**Dataset excerpts**
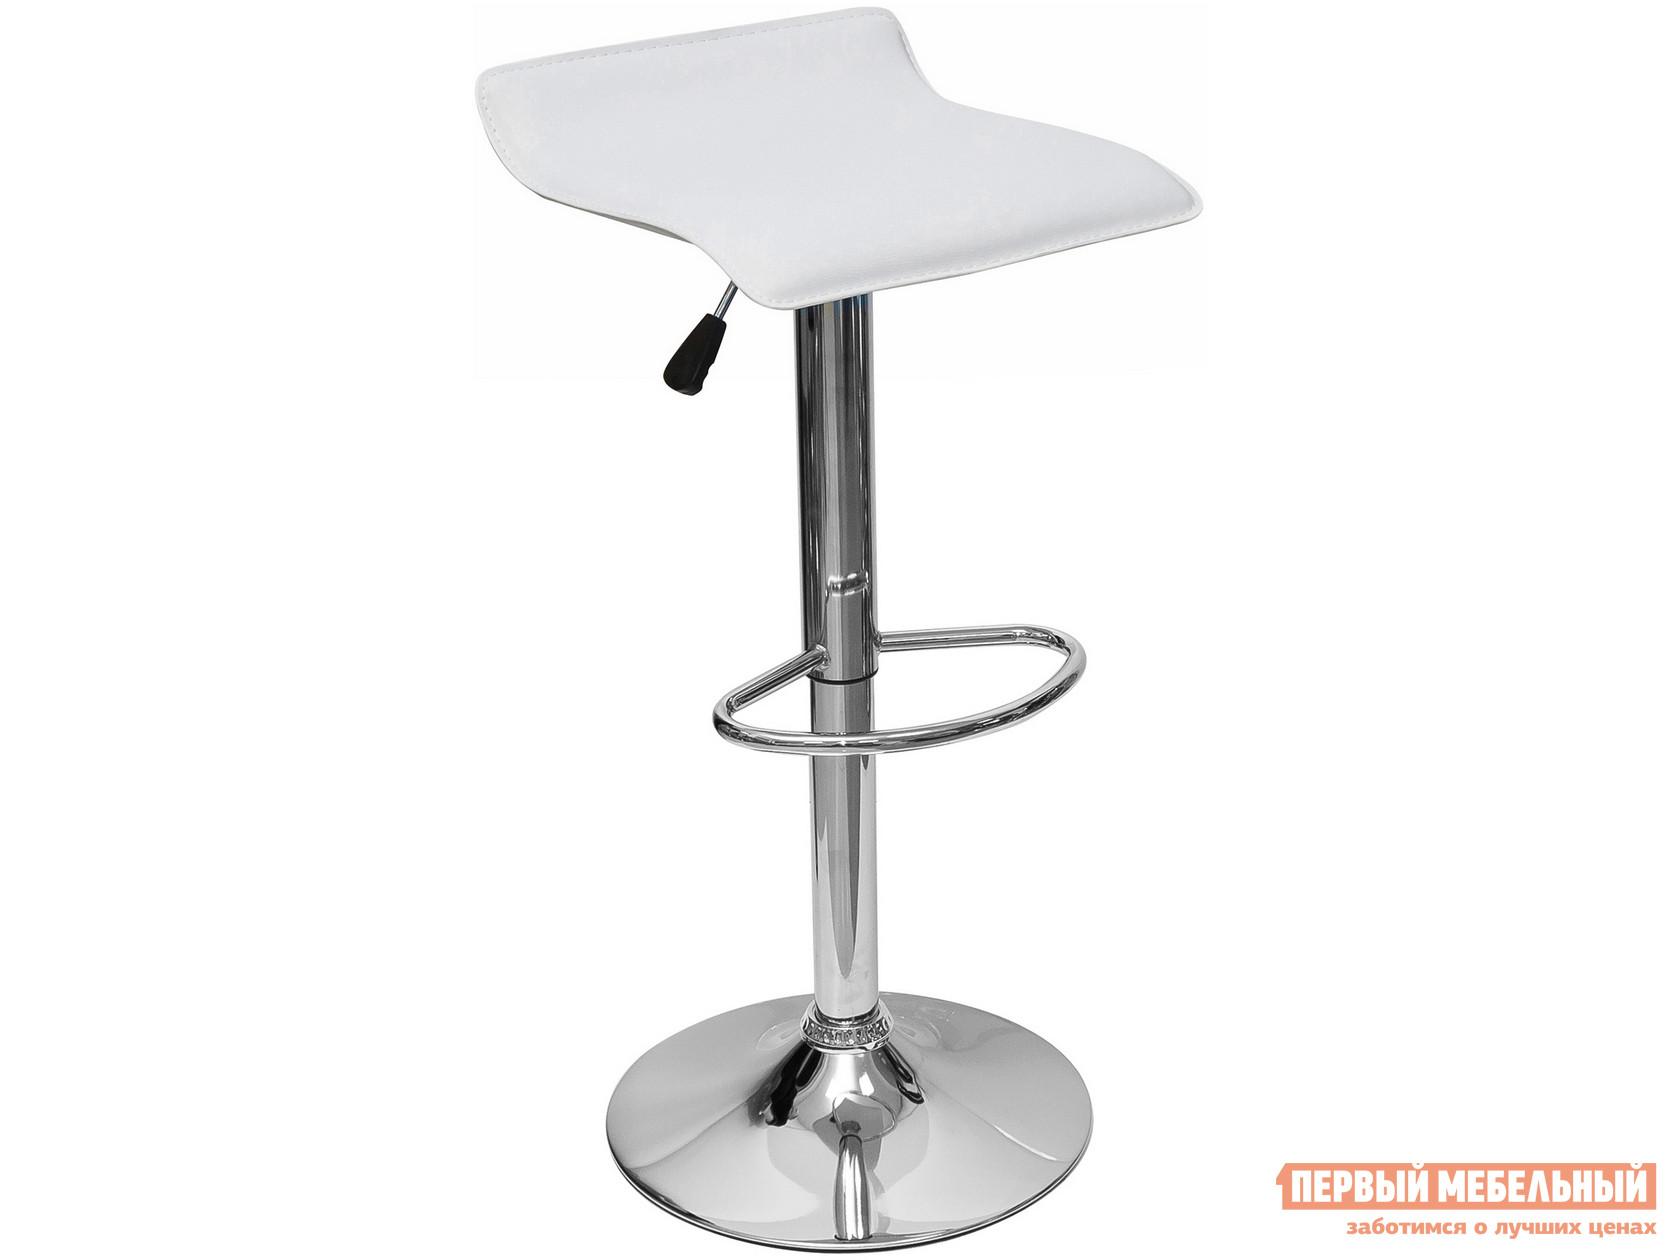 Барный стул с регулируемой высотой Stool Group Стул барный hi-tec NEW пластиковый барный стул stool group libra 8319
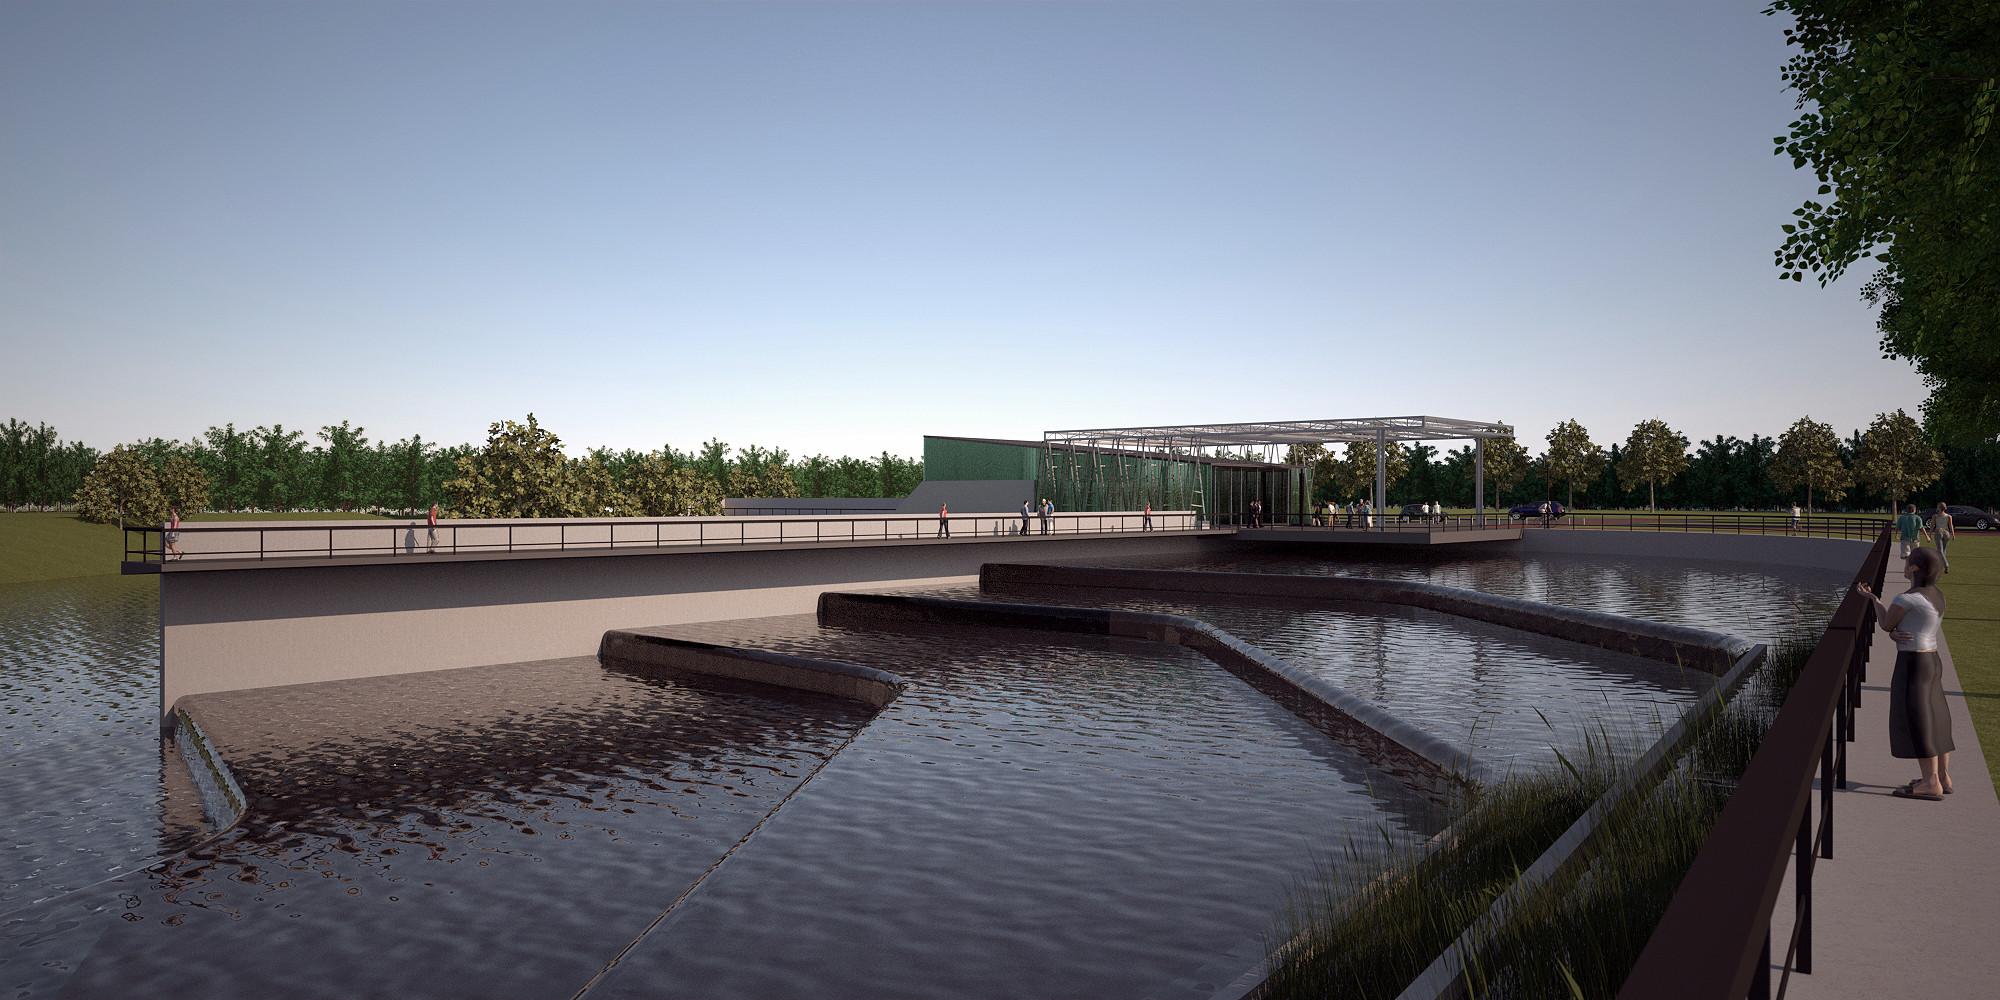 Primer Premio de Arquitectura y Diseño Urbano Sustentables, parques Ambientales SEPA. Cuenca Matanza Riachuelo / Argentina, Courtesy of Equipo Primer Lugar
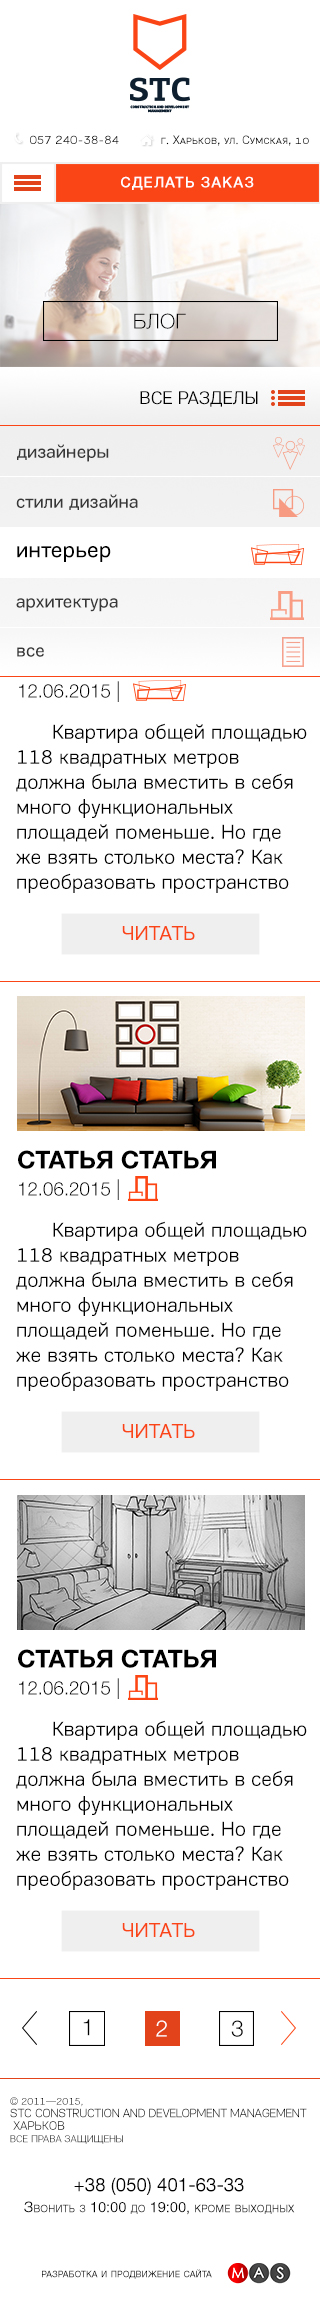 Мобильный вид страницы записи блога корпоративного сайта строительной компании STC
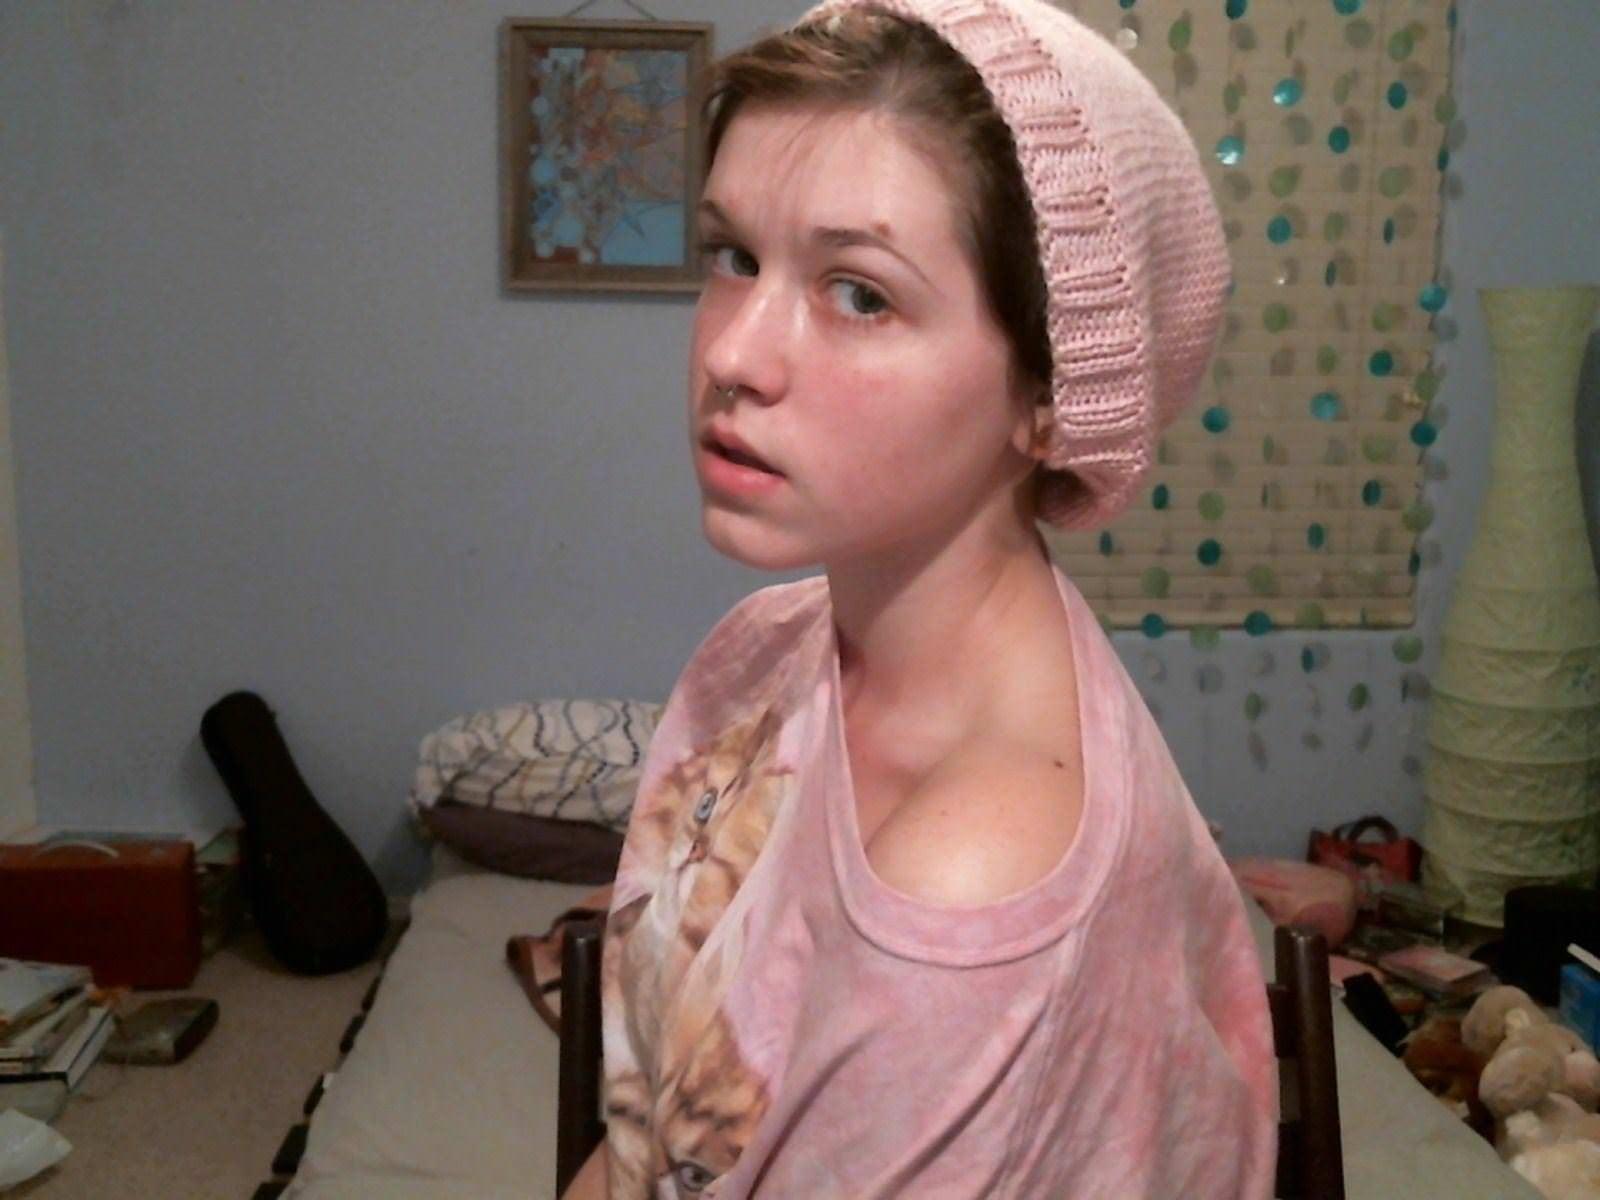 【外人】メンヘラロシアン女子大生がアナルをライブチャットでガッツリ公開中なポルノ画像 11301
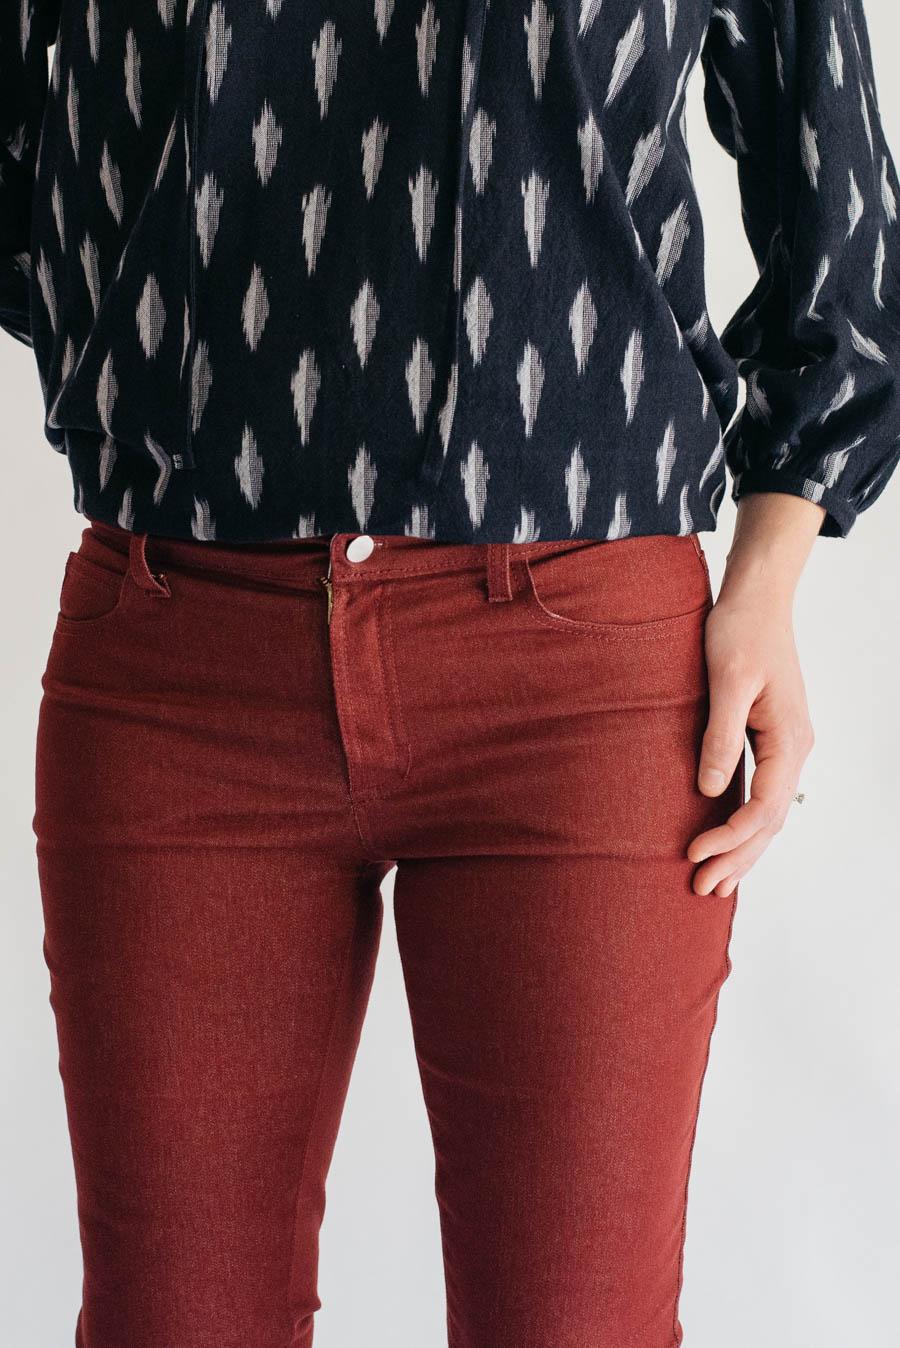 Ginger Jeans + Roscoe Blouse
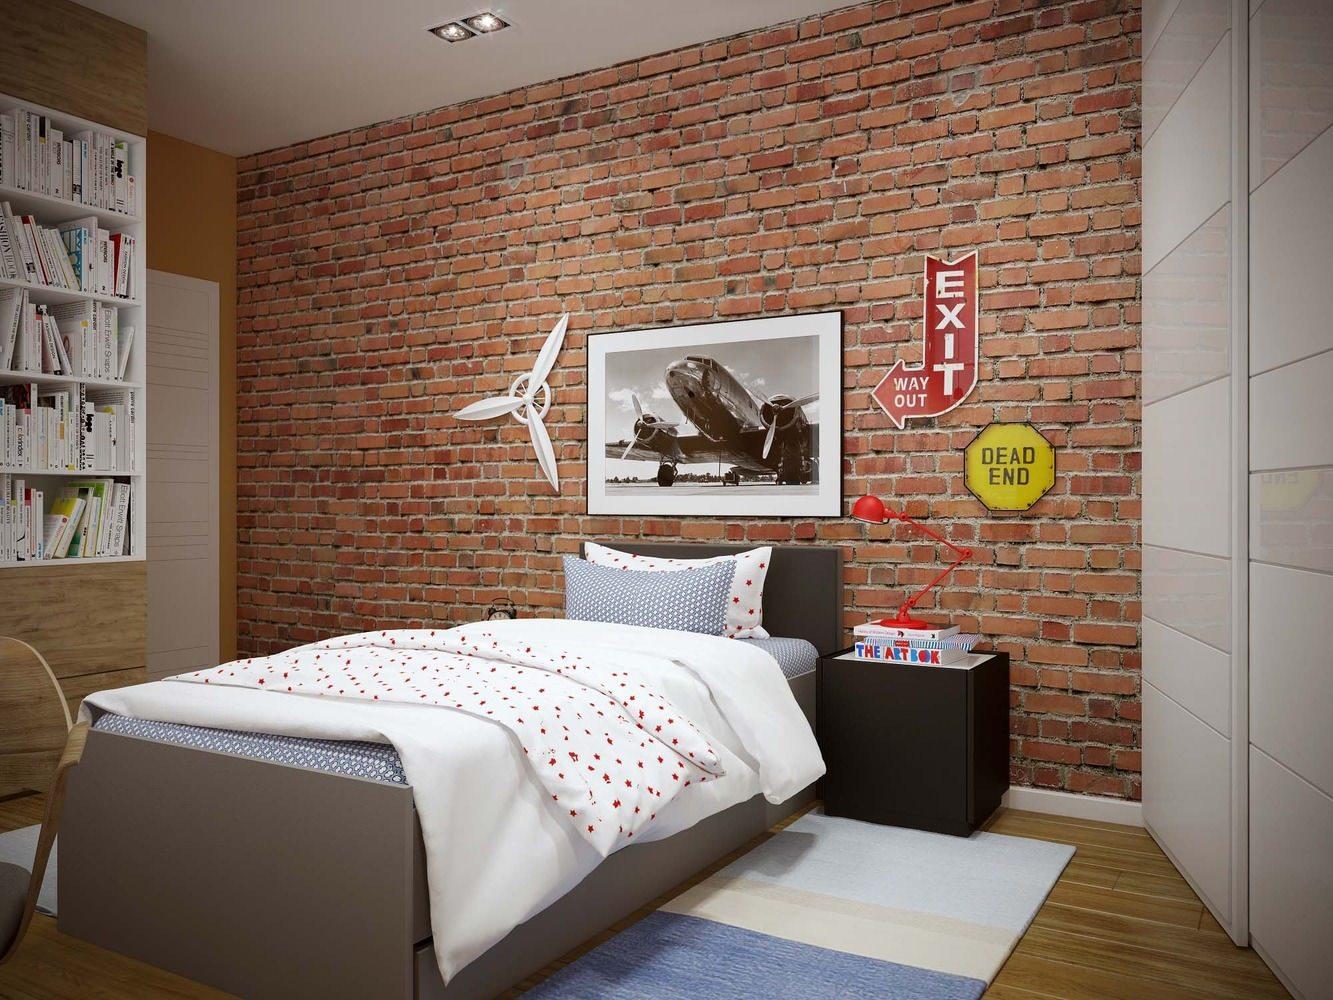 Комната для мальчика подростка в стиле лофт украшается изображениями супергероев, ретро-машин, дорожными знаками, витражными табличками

**What needs to be done**
Excluding pictures, copy exactly the lines from the line containing "Мобильный вид страницы" through the last line of the data, inclusive.

**Response area**
 Мобильный вид страницы записи блога корпоративного сайта строительной компании STC
 【外人】メンヘラロシアン女子大生がアナルをライブチャットでガッツリ公開中なポルノ画像 11301
 Ginger Jeans + Roscoe Blouse
 Комната для мальчика подростка в стиле лофт украшается изображениями супергероев, ретро-машин, дорожными знаками, витражными табличками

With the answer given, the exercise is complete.